What are the necessary steps to study advanced Q MECH on your own?

[AKSHAT2012]

currently i am joining IIT for an ee btech(b e) degree. i am very passionate for continuing my studies in physics after it, but still i want to study Q mech,G R,on my own
here is what i am familiar with as of now.
MATHS
CALCULUS -TILL pde (variable separable),ODE -double order .
vector calculus till stokes threorem(only the preliminaries)

PHYSICS
Q mech till application to hydrogen atom.
some basic statistical mech.
S R till simultaniety, velocity addition.

now i want to go to advanced q mech, start G R.

please tell 1.if this math is sufficient 2. what books are best 3.what more (and in how much detail i have to learn more).4. what exactly comes in advanced q mech 5.anything u would like to add.
i will be greately indebted.
(thanks in advance) -akshat

 

[Matterwave]

By "advanced Q-mech" you mean...the quantum mechanics leading up to quantum field theory? E.g., the Dirac Equation, EM field quantization, second quantization, and so forth?

 

[AKSHAT2012]

that is exactly my question i don't know what i have to study to get deeper into quantum mechanics,as i said i only know the basics (say schrodingers eqn ,priciple ,orbital magnetic quantum nos.,eigenfunctions, expectation values,harmonic oscillators ...)to say i have read significant portion of arthur beiser.
what to read after is it elementary particles?is it treatment to many electron atoms?...

 

[cragar]

Check out Principles of Quantum Mechanics by R. Shankar.

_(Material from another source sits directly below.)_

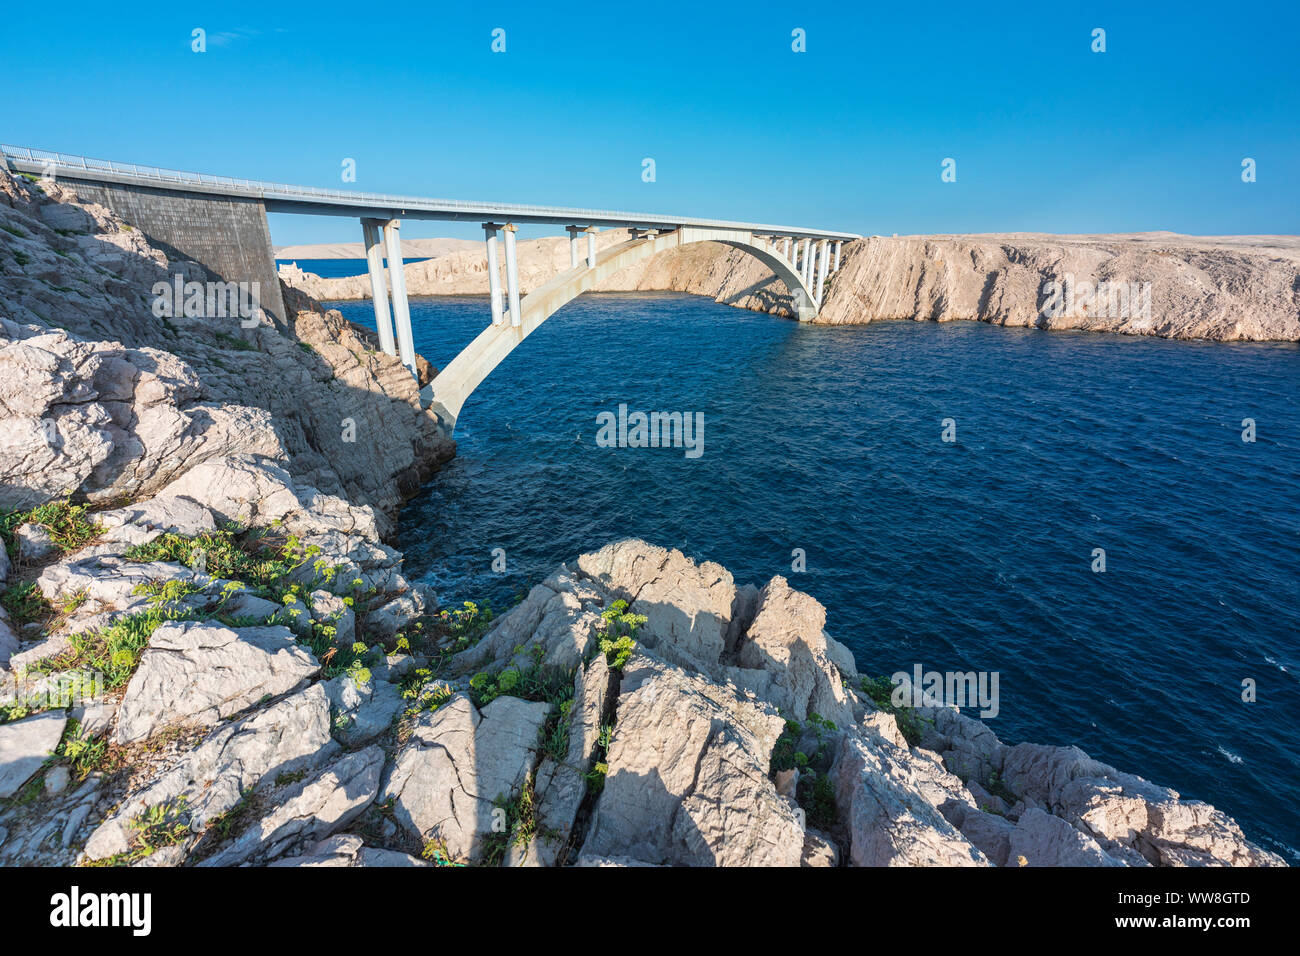 La plupart Paski pont qui relie la partie continentale de la Croatie et de l'île de Pag, Zara, Zadar, Croatie, Dalmatie Comté Banque D'Images
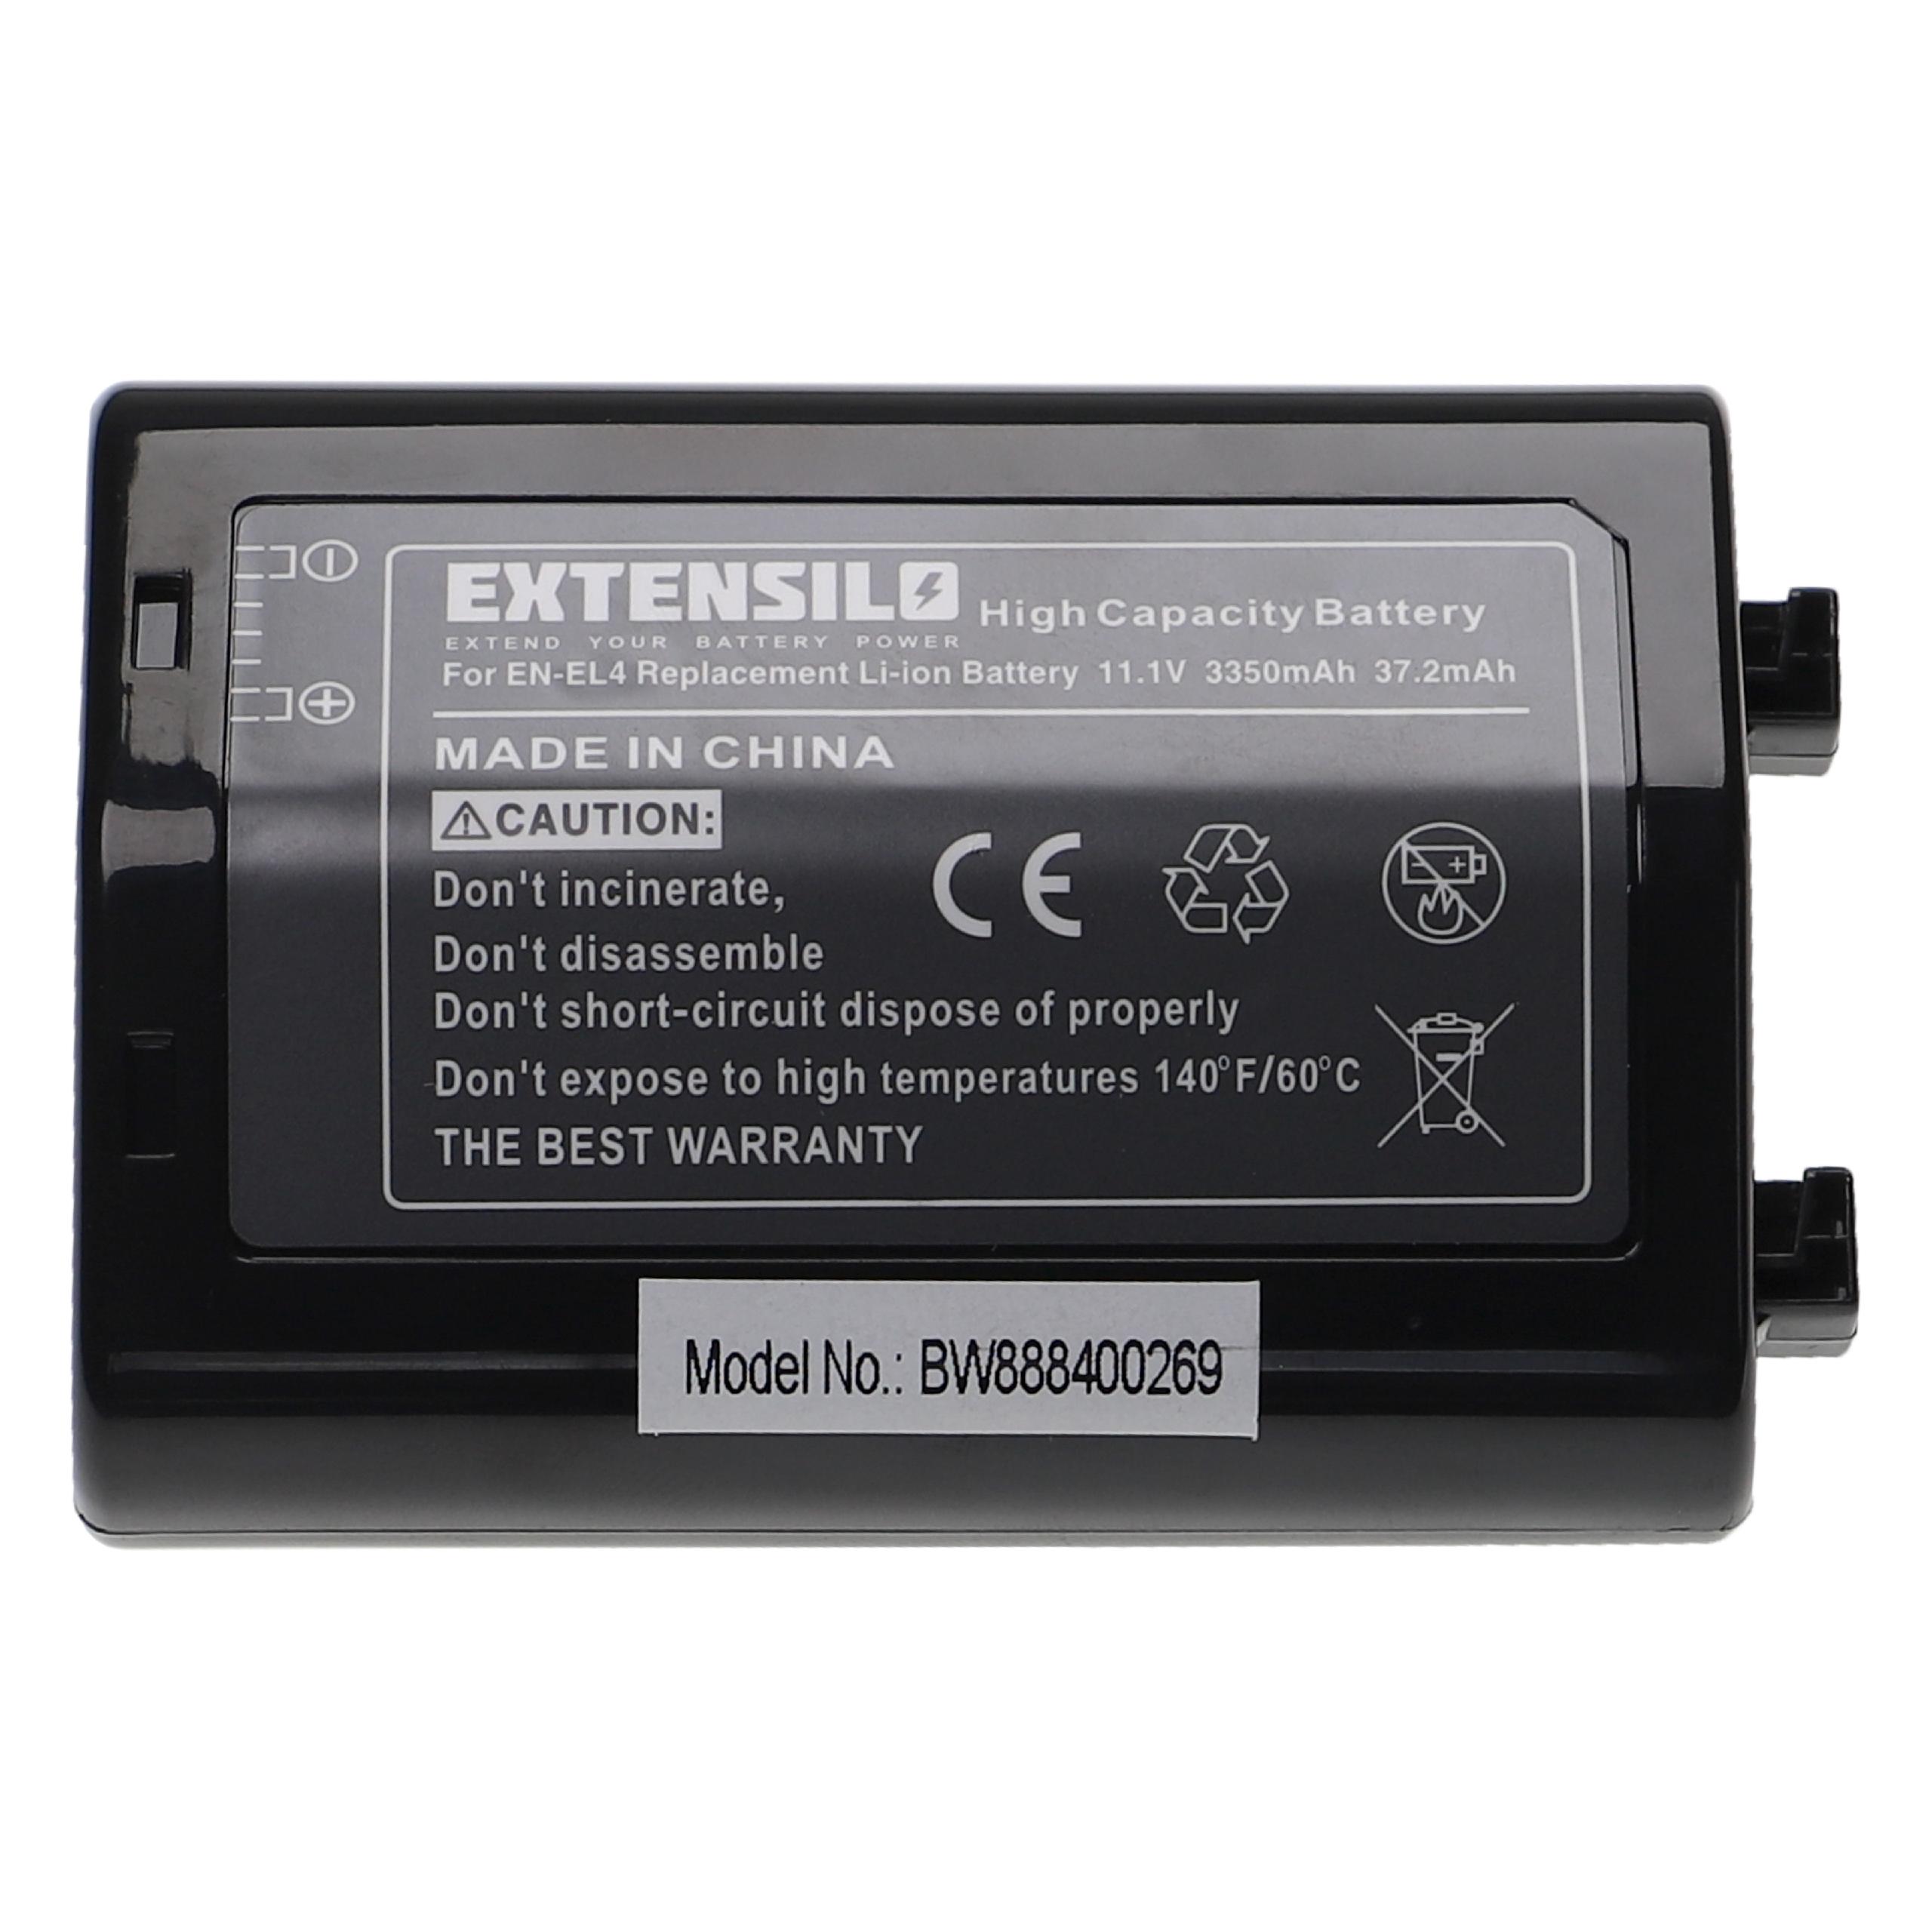 Battery Replacement for Nikon EN-EL4e, EN-EL4a, EN-EL4 - 3350mAh, 11.1V, Li-Ion

And start reading it. Skip around or whatever . Its really thorough .

 

[AKSHAT2012]

Thanks.
and can you tell me the higher maths that is required apart for other topics like general relativity and ,quantum mechanics, of course.

 

[WannabeNewton]

GR has quite a slew of mathematical knowledge required that one can always pick up while learning it, I'll try to name whatever comes to my head: topology and following that differential geometry, linear algebra, some group theory would help for advanced treatments (if you ever study the spinor formalism), and tensor analysis. Again you learn a lot of the differential geometry and tensor analysis while reading introductory texts and they are to an extent one and the same subjects at that level but studying some topology would make things much more coherent. I don't think I need to mention calculus as you already know much of what is needed and it should be a given anyways if you are learning these things on your own. If you study Shankar's QM text like cragar suggested then you won't have any trouble at all going to QFT; learning some group theory would definitely help you in the future here as well. For GR I suggest you use either "A First Course in General Relativity" -Schutz and/or "Gravity, An Introduction To Einstein's Relativity" - Hartle.

 

[AKSHAT2012]

thanks to all